Give back the full listing, character for character, with no pictures.

▸ **Collected data**

-.-.-

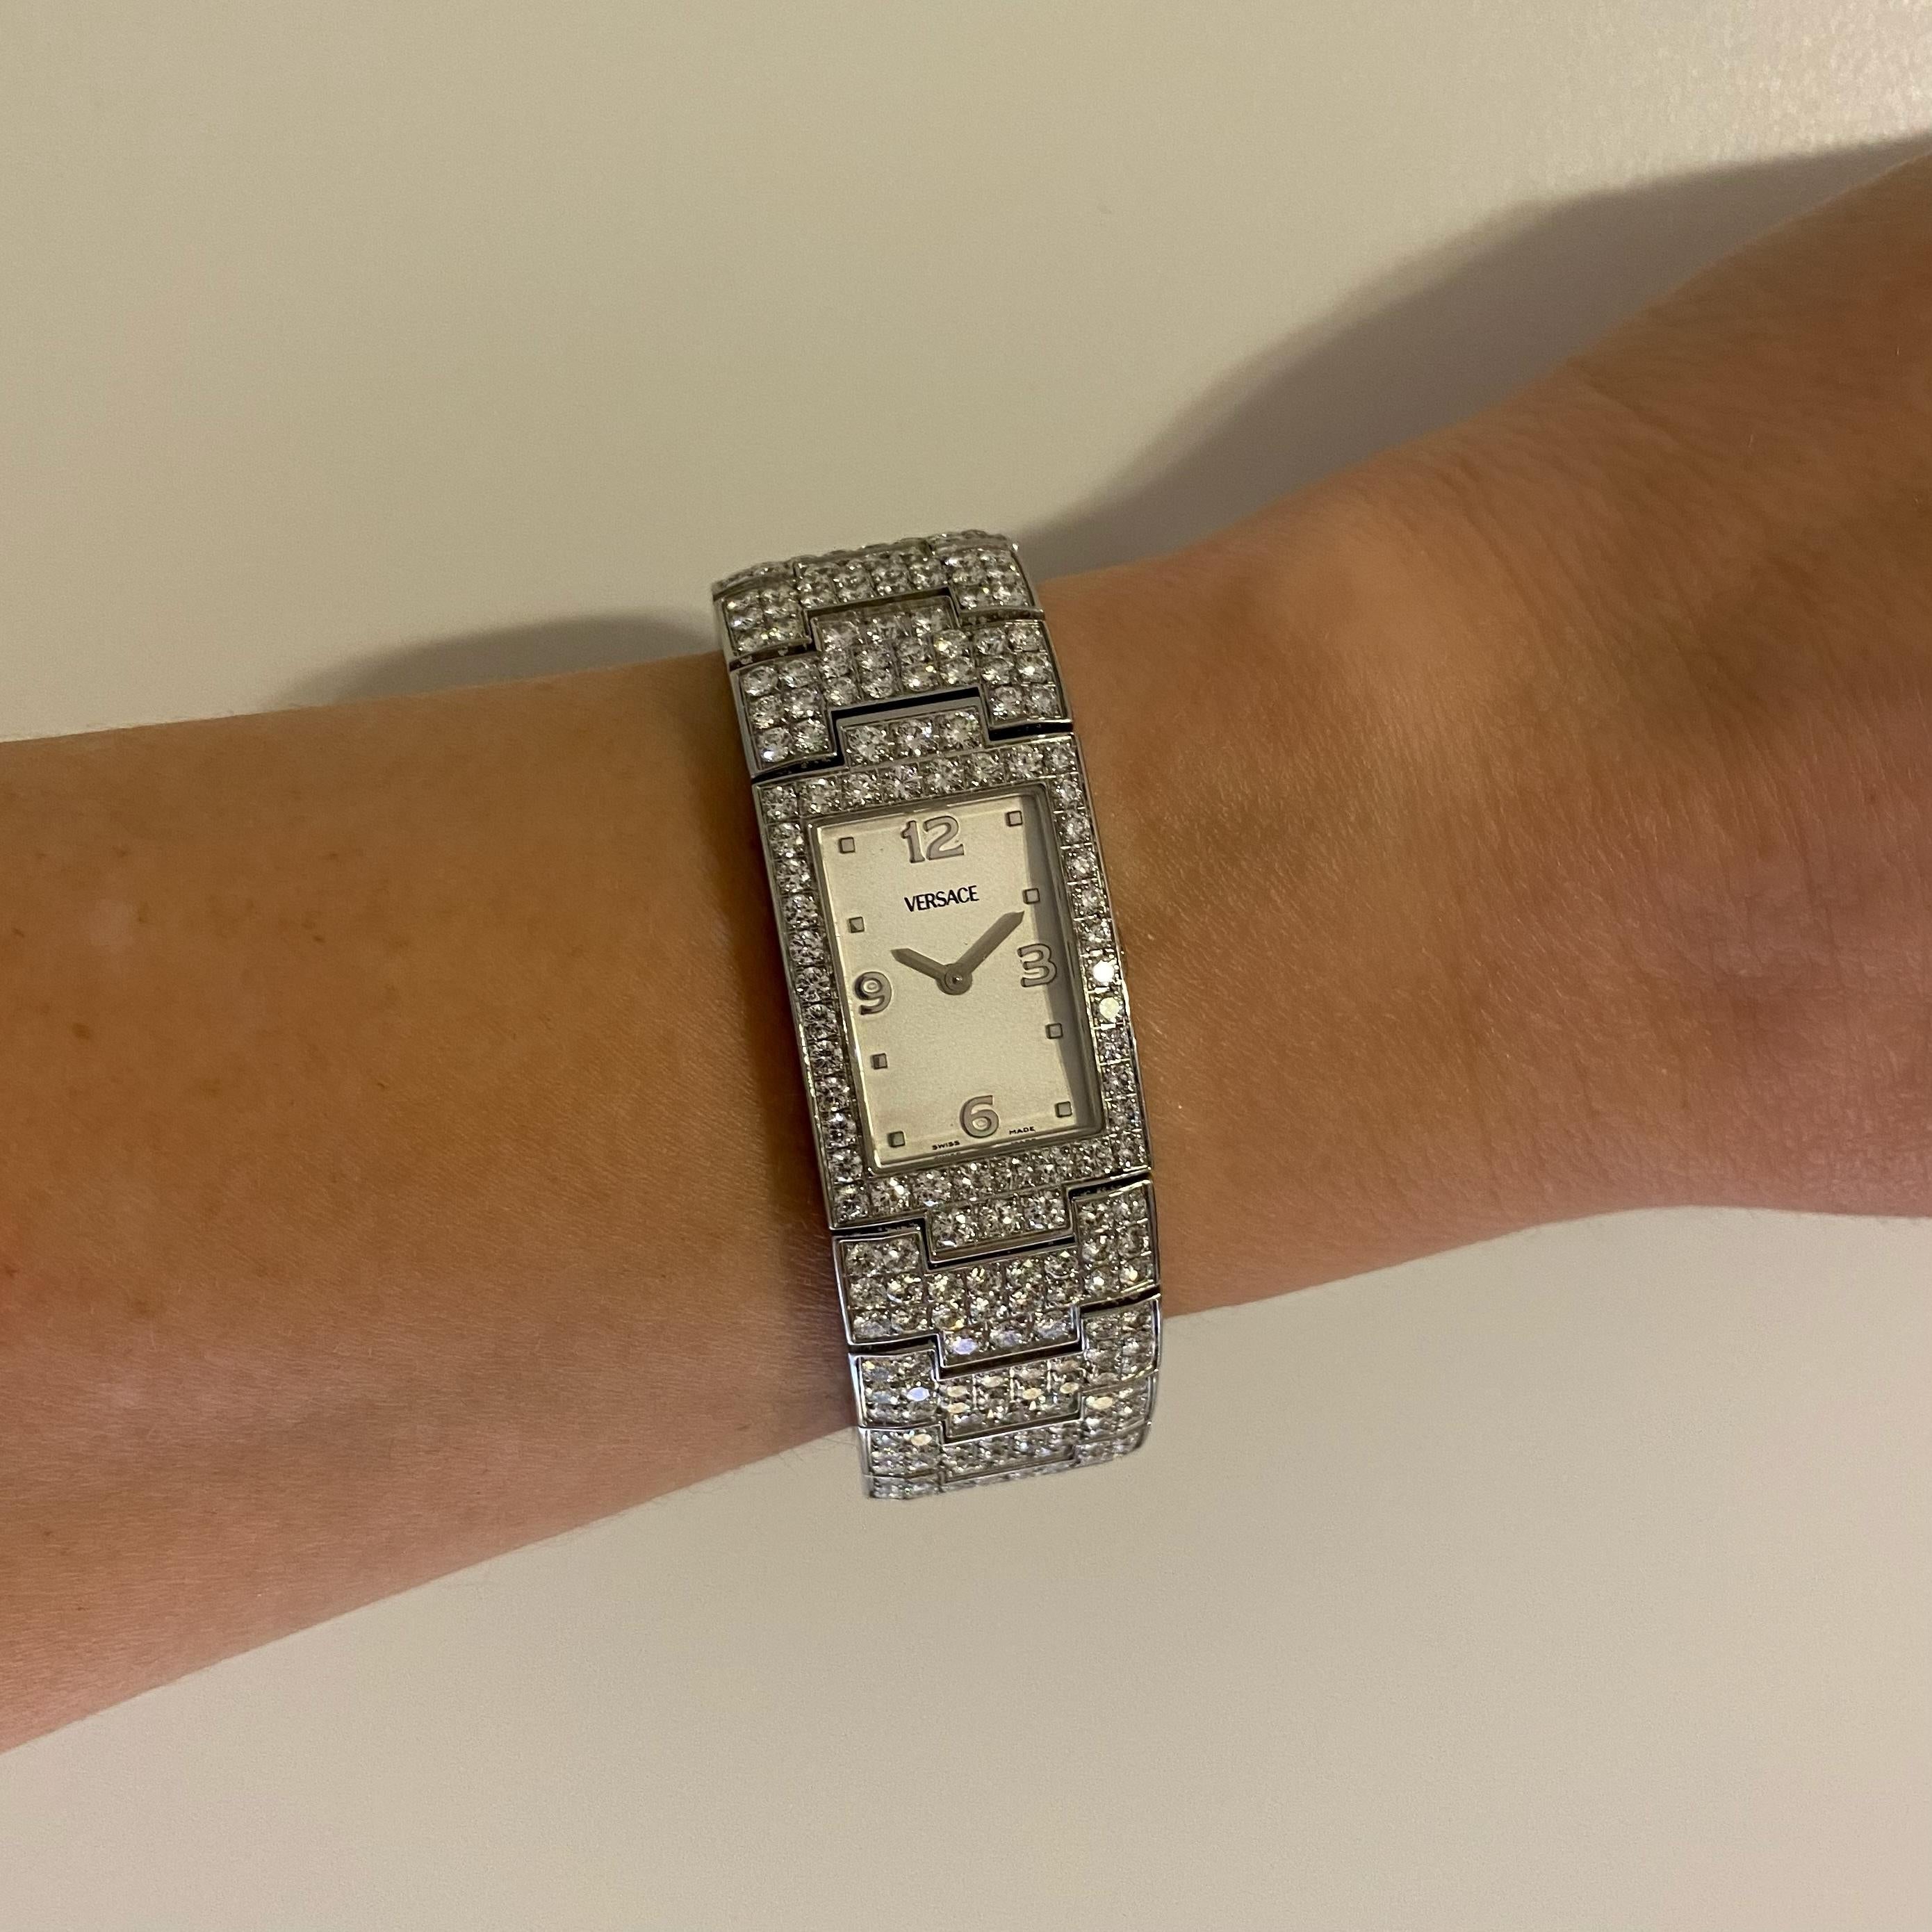 Simply Beautiful! Rare Versace Greca 990139 Stainless Steel Diamond Wrist Watch. Watch and Bracelet Hand set with 446 round Brilliant cut Diamonds, weighing approx. 15.75tcw. Swiss Made, Quartz Movement. 30mm tall x 20mm wide. More Beautiful in real
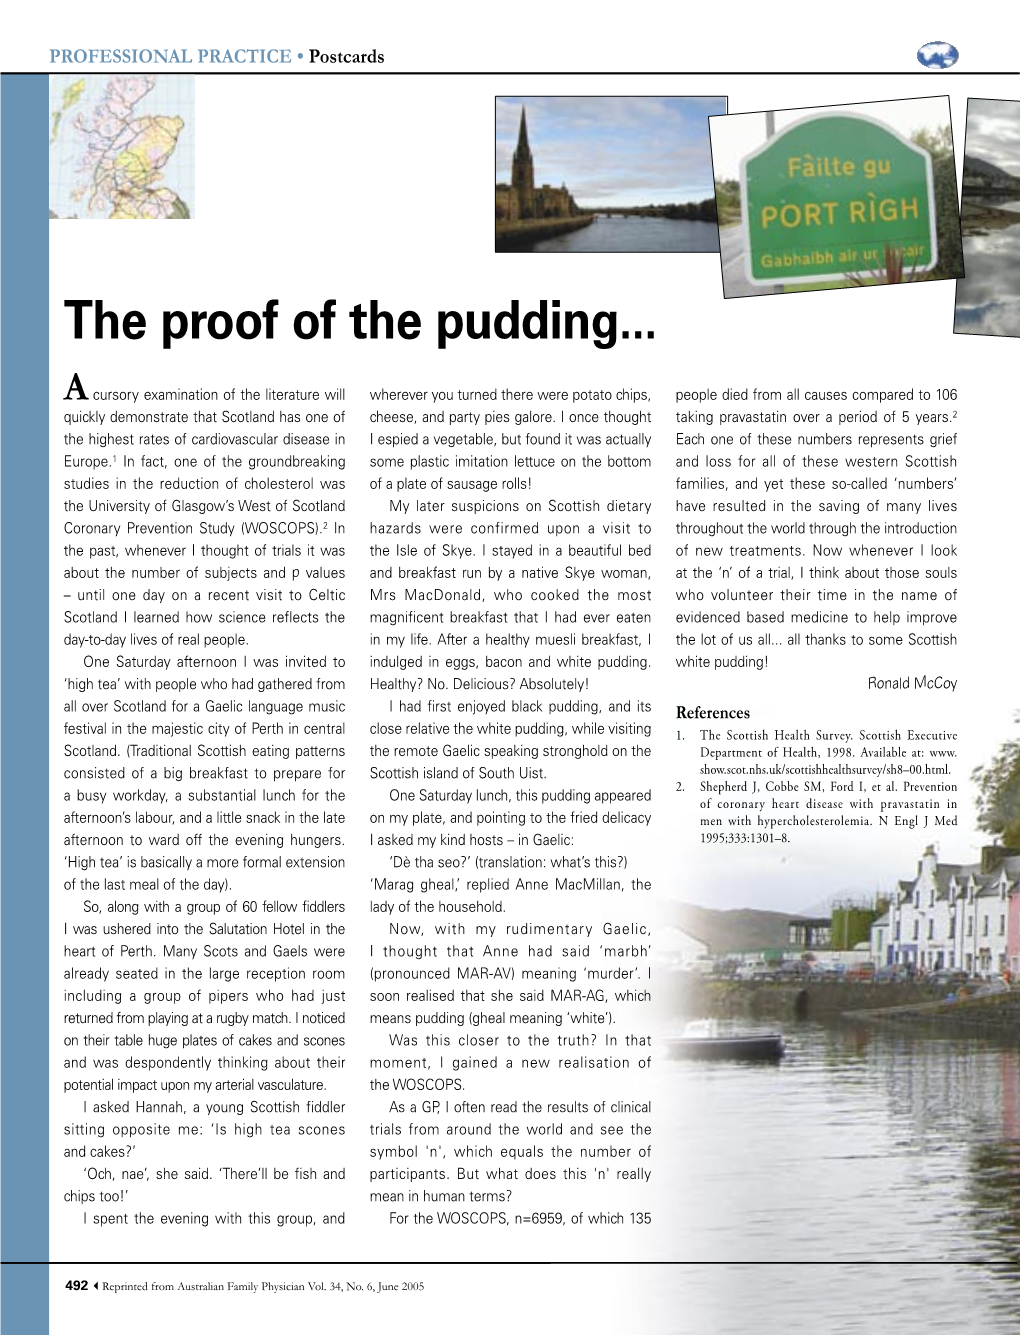 The Proof of the Pudding (Pdf 59KB)
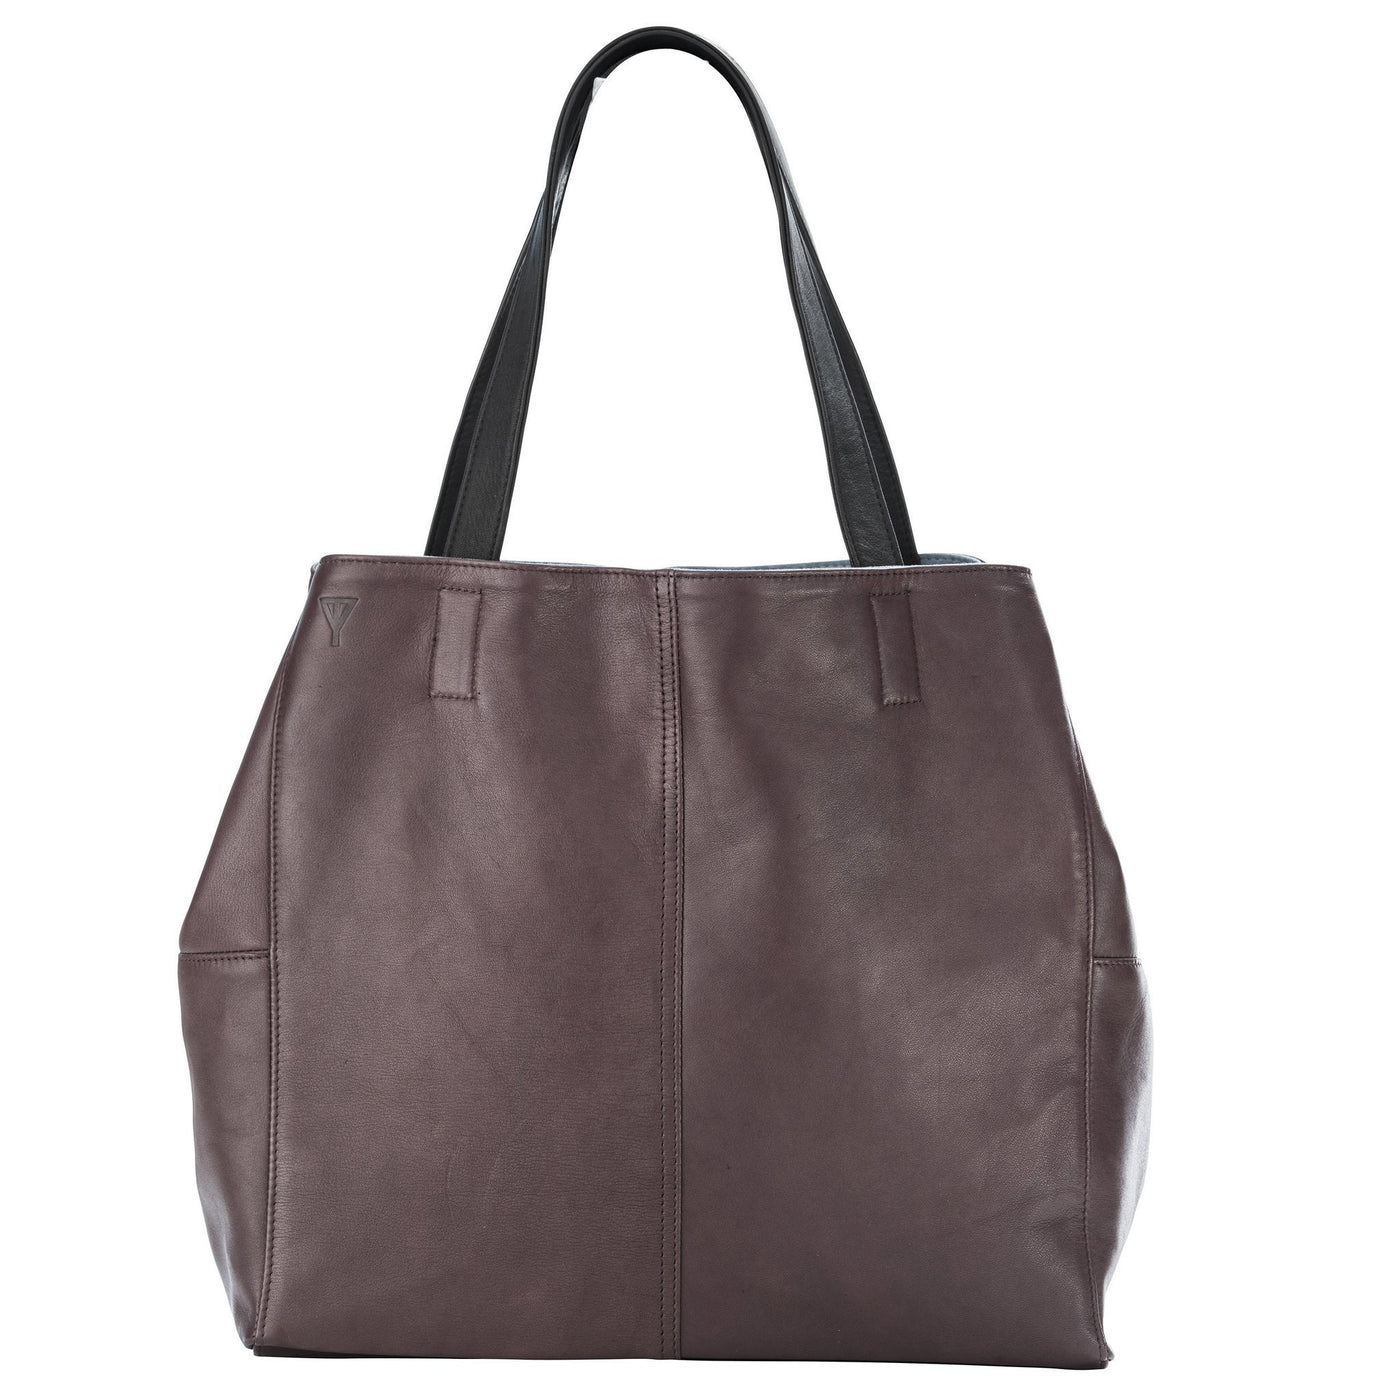 Mary Classic Tote - The Clothing LoungeTaylor Yates

-.-.-

▸ **Solution to the exercise**
 Simply Beautiful! Rare Versace Greca 990139 Stainless Steel Diamond Wrist Watch. Watch and Bracelet Hand set with 446 round Brilliant cut Diamonds, weighing approx. 15.75tcw. Swiss Made, Quartz Movement. 30mm tall x 20mm wide. More Beautiful in real
 The Proof of the Pudding (Pdf 59KB)
 Mary Classic Tote - The Clothing LoungeTaylor Yates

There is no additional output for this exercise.